**Provided records**:
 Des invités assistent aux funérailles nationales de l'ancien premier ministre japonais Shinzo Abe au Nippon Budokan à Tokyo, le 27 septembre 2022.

==

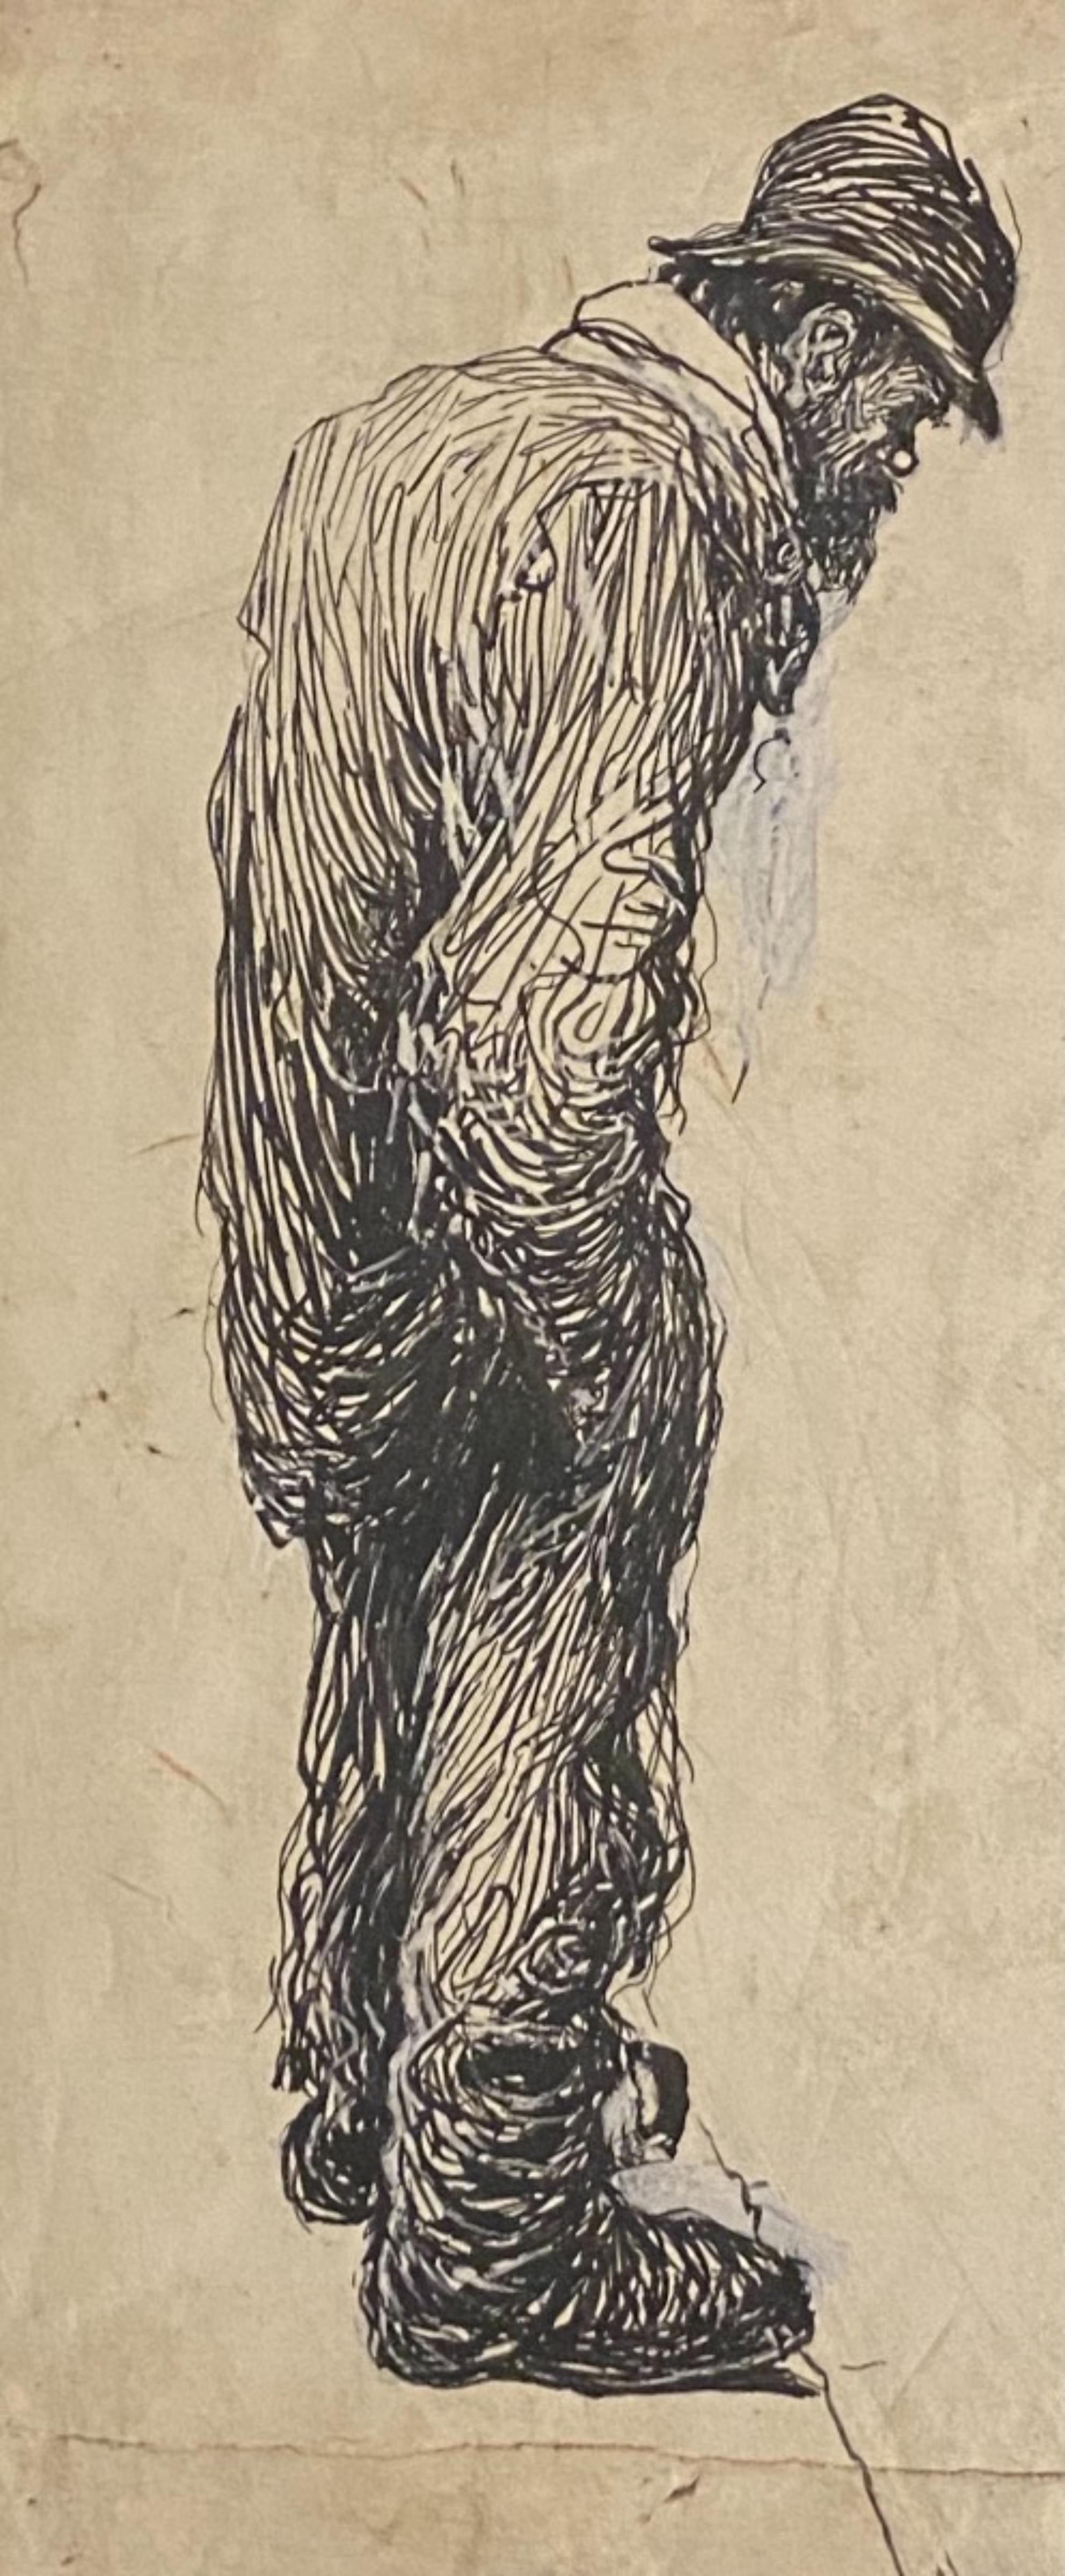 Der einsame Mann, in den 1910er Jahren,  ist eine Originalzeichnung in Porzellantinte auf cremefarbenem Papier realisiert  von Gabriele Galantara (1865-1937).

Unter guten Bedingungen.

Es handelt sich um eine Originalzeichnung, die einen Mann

--

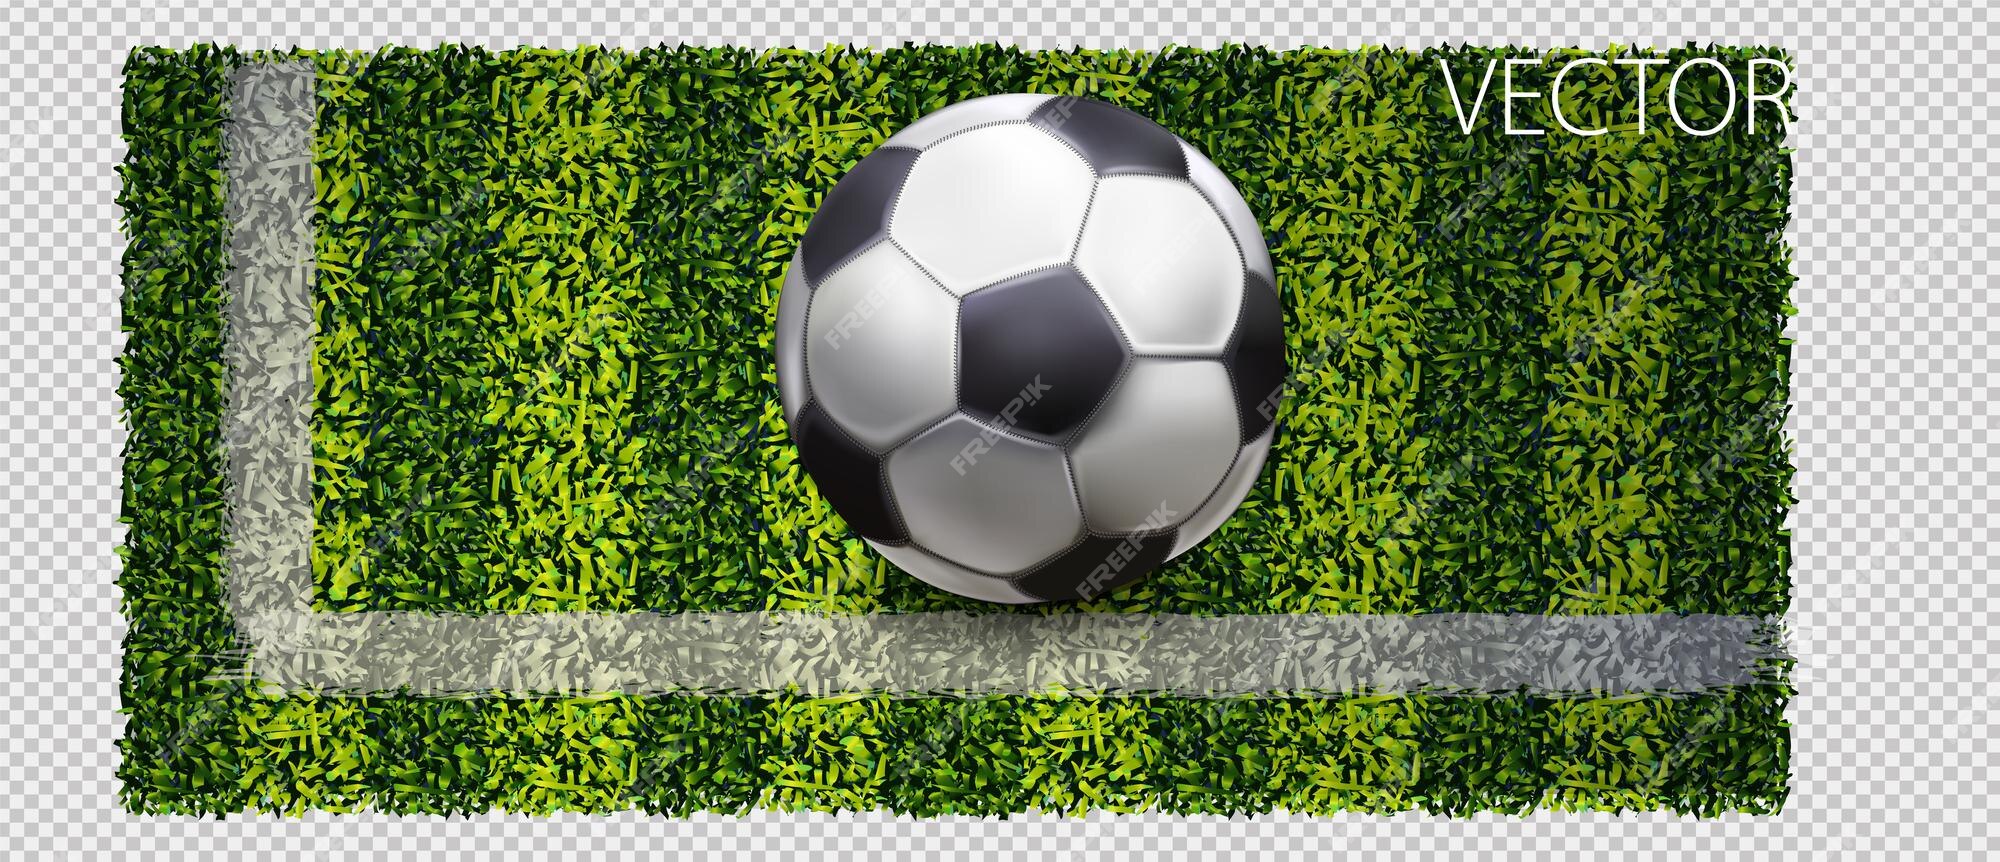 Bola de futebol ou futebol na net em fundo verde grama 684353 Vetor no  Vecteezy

**Goal of the exercise**:
Everything above from the line containing "Der einsame Mann, in" down to the line containing "Es handelt sich" is to be duplicated exactly, both lines included, and the pictures are to be omitted.

**Reply to the exercise**:
 Der einsame Mann, in den 1910er Jahren,  ist eine Originalzeichnung in Porzellantinte auf cremefarbenem Papier realisiert  von Gabriele Galantara (1865-1937).

Unter guten Bedingungen.

Es handelt sich um eine Originalzeichnung, die einen Mann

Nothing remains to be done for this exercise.